DATA SHOWN –
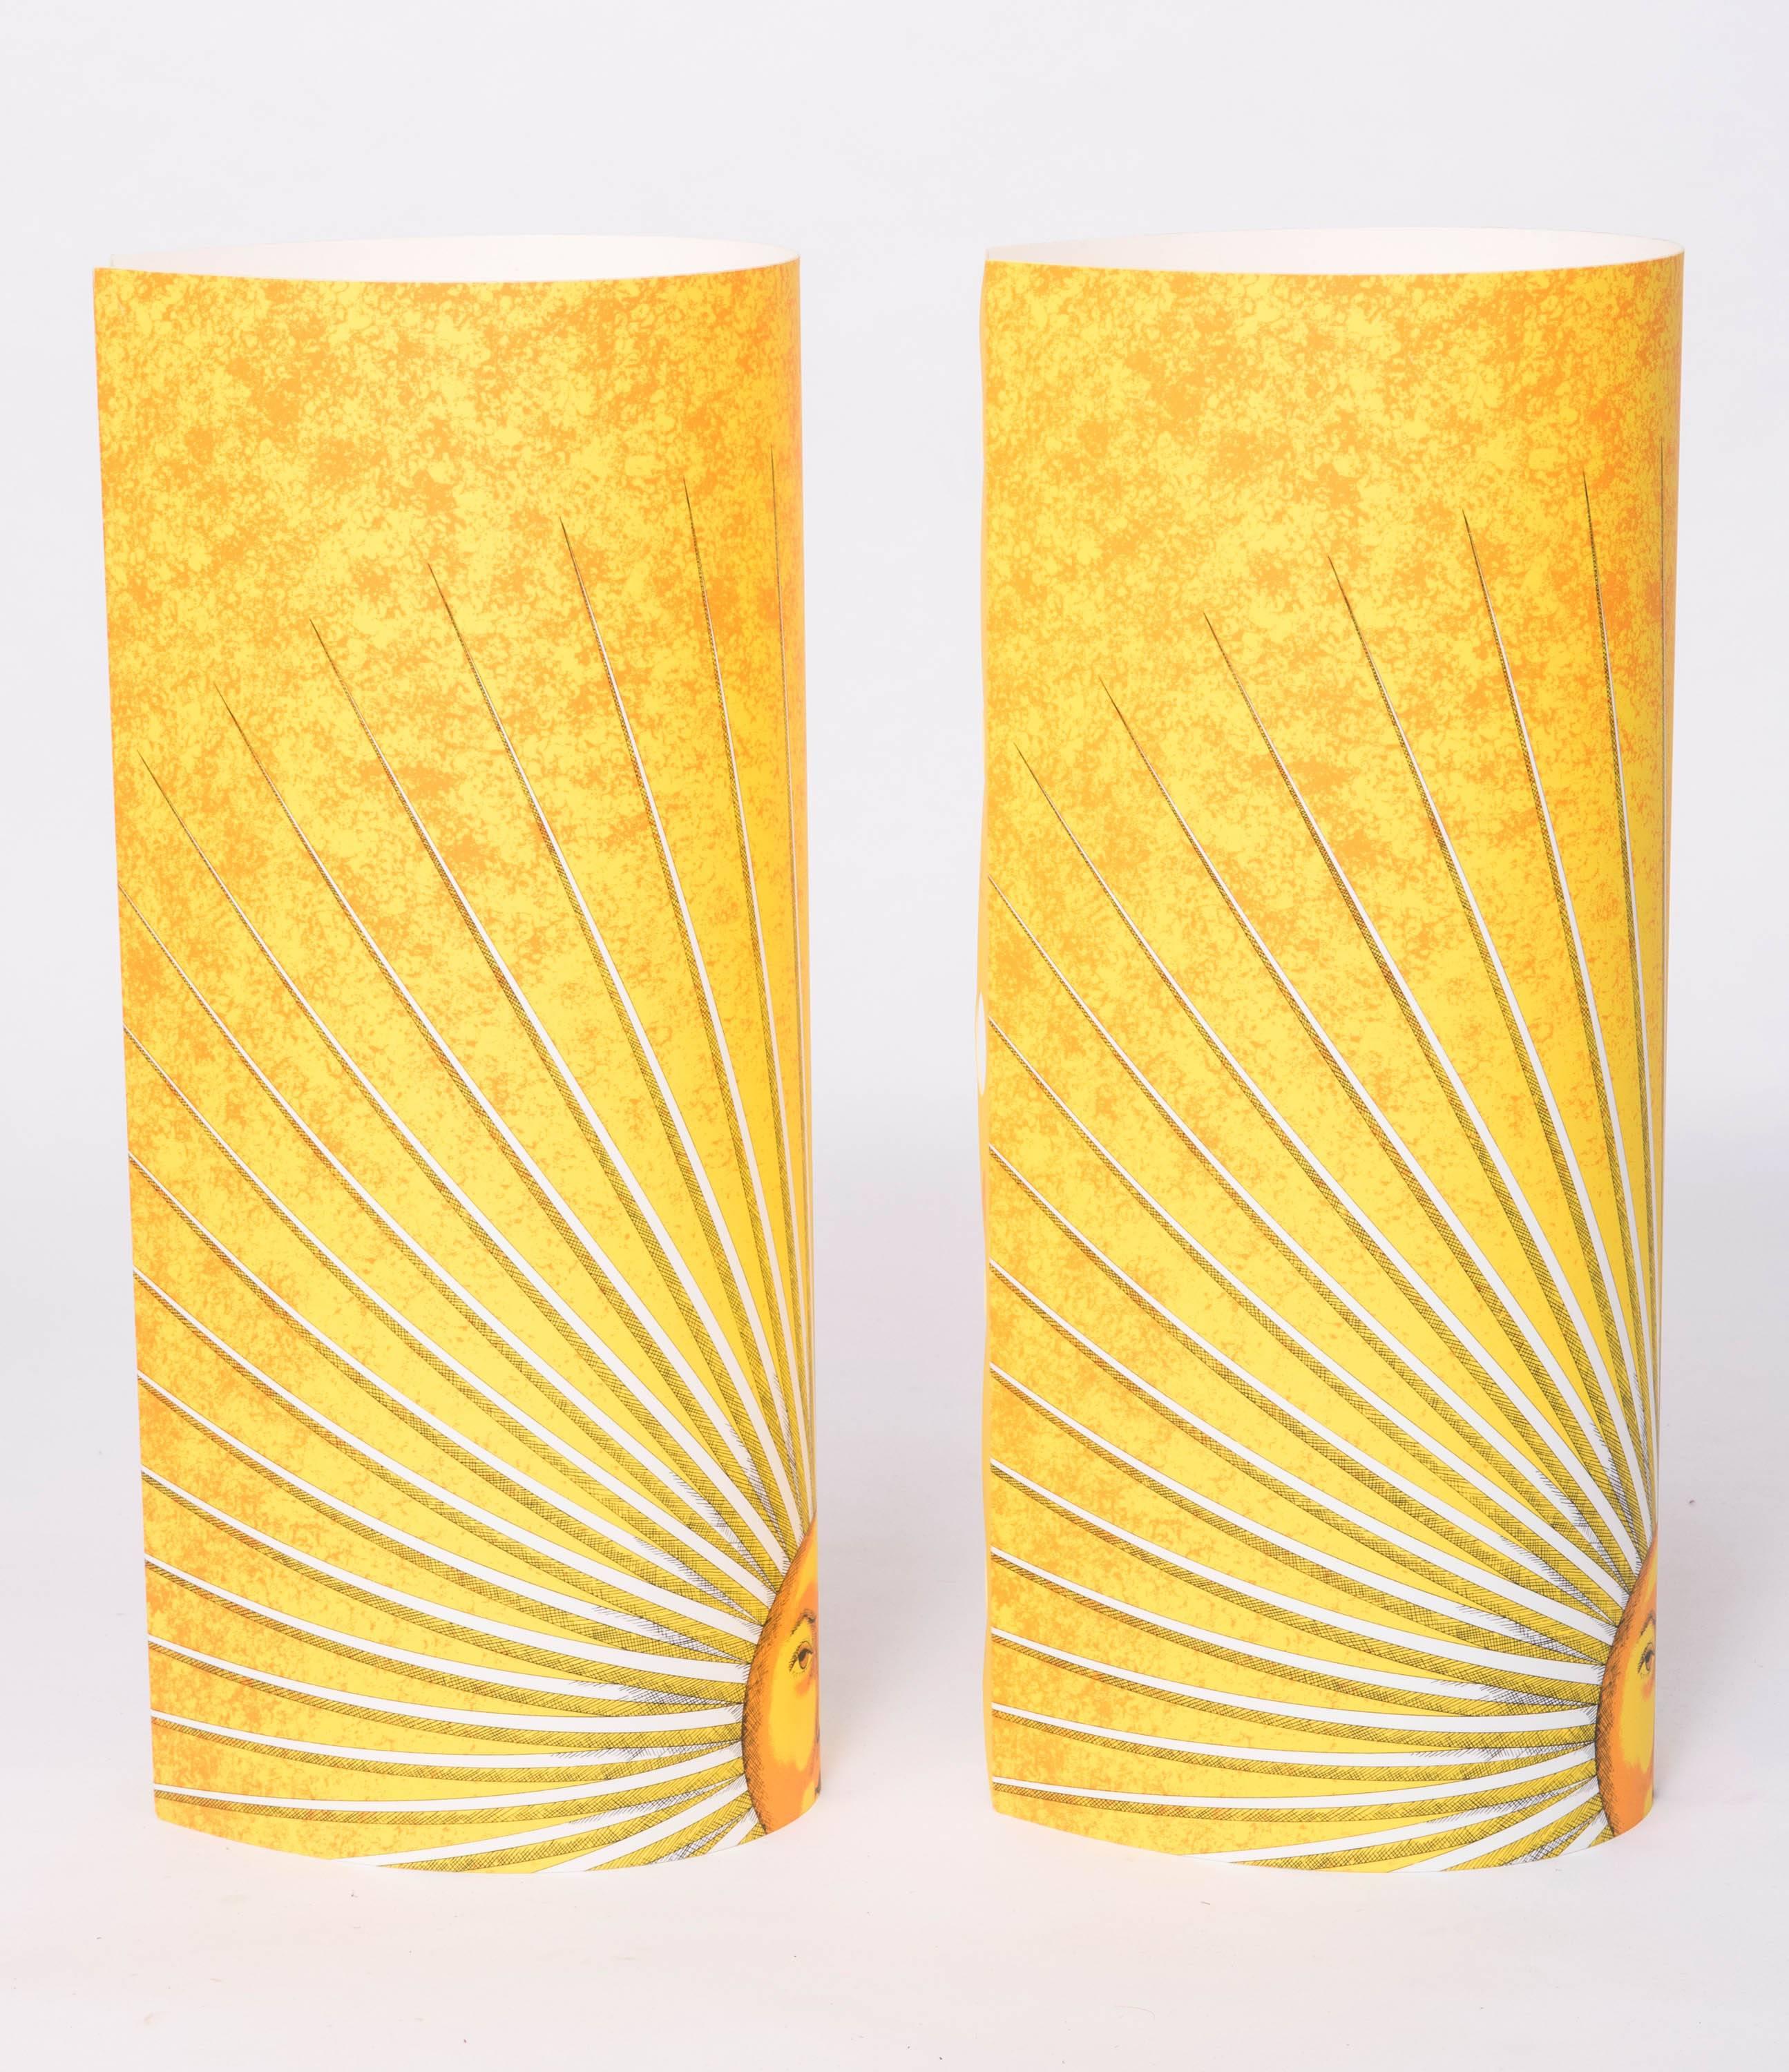 A pair of medium size table lamps by Barnaba Fornasetti
“Sole”
Printed and colored Perspex
Made by Fornasetti and Antonangeli Iluminazione. Paderno Dugano.
Italy, 1995
Measures: 60 cm high x 25 cm wide x 27 cm deep.
 
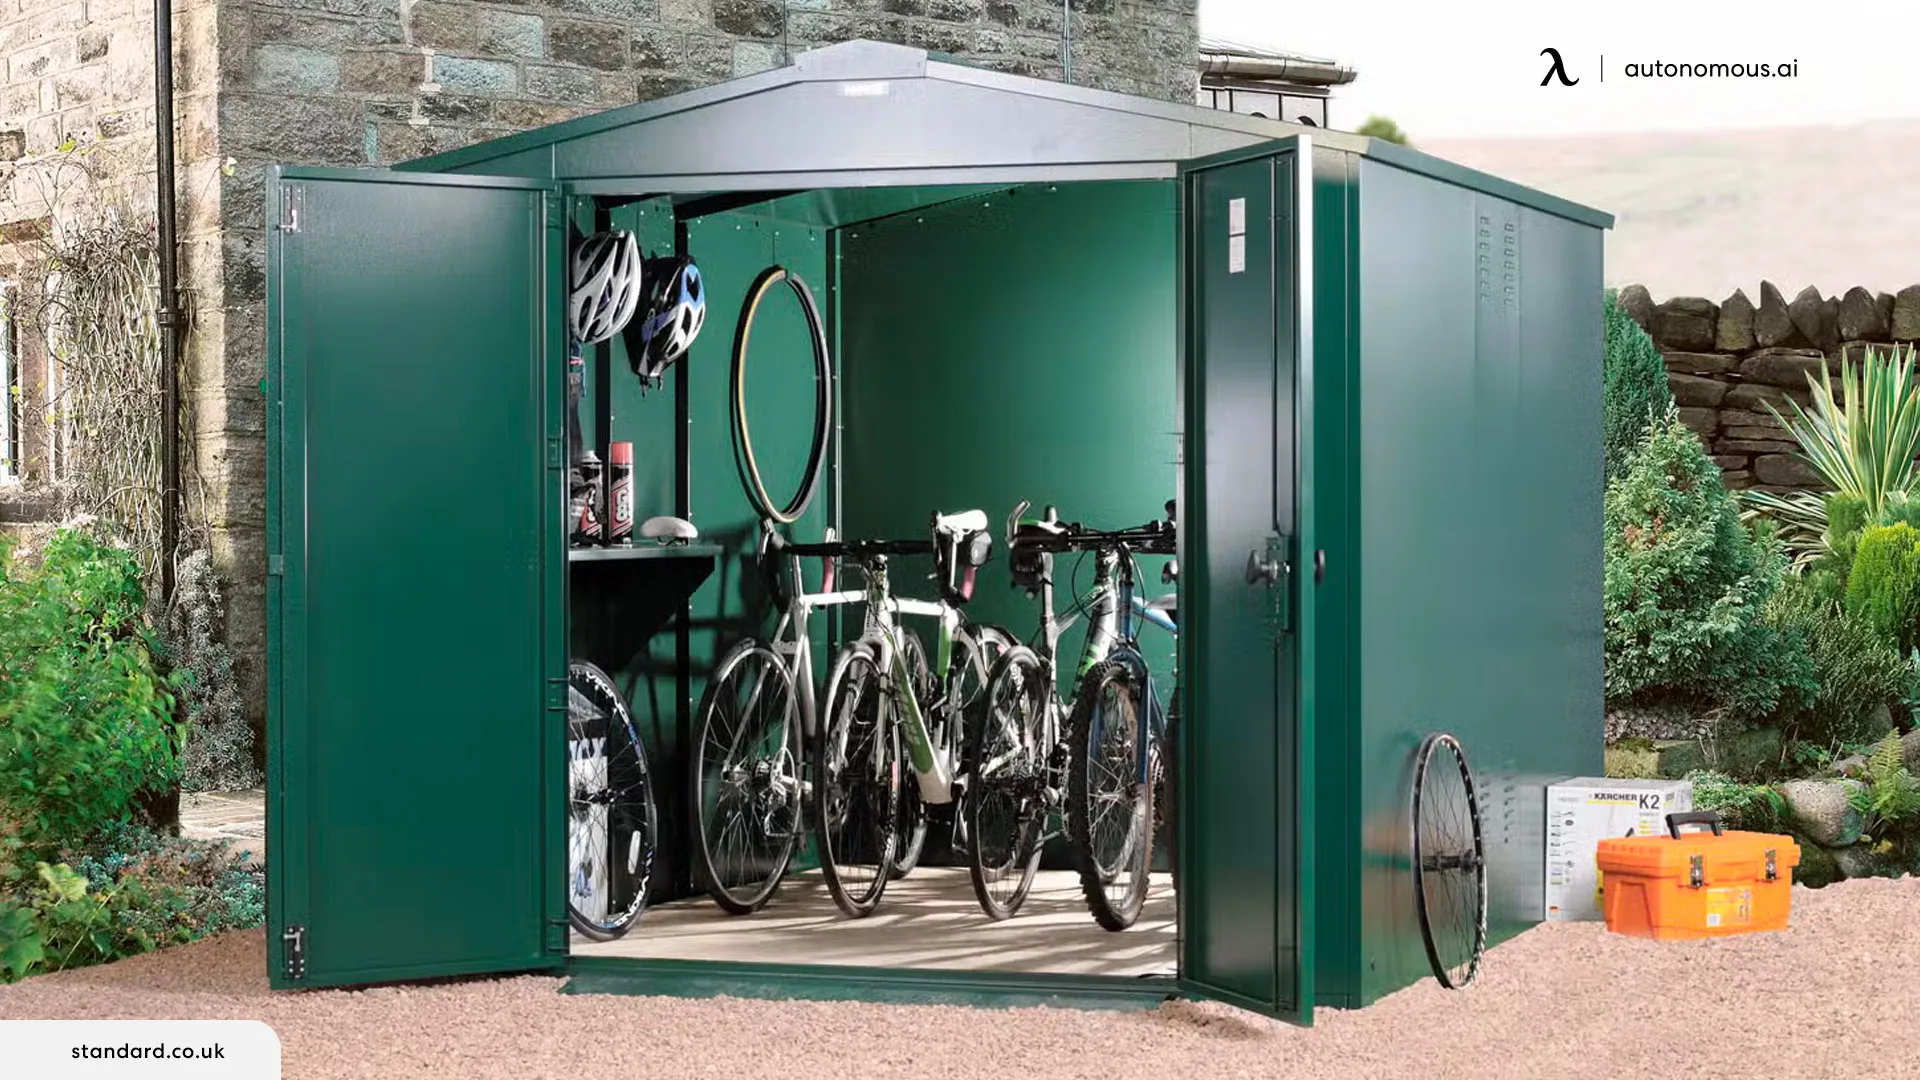 A Comprehensive Guide to Finding the Best Bike Shed in 2023

EXERCISE BRIEF – What should appear is an exact copy of the lines from the one containing "Printed and colored Perspex" through the last line of the records above, pictures excluded.

ANSWER TO THIS TASK –
Printed and colored Perspex
Made by Fornasetti and Antonangeli Iluminazione. Paderno Dugano.
Italy, 1995
Measures: 60 cm high x 25 cm wide x 27 cm deep.
 
 A Comprehensive Guide to Finding the Best Bike Shed in 2023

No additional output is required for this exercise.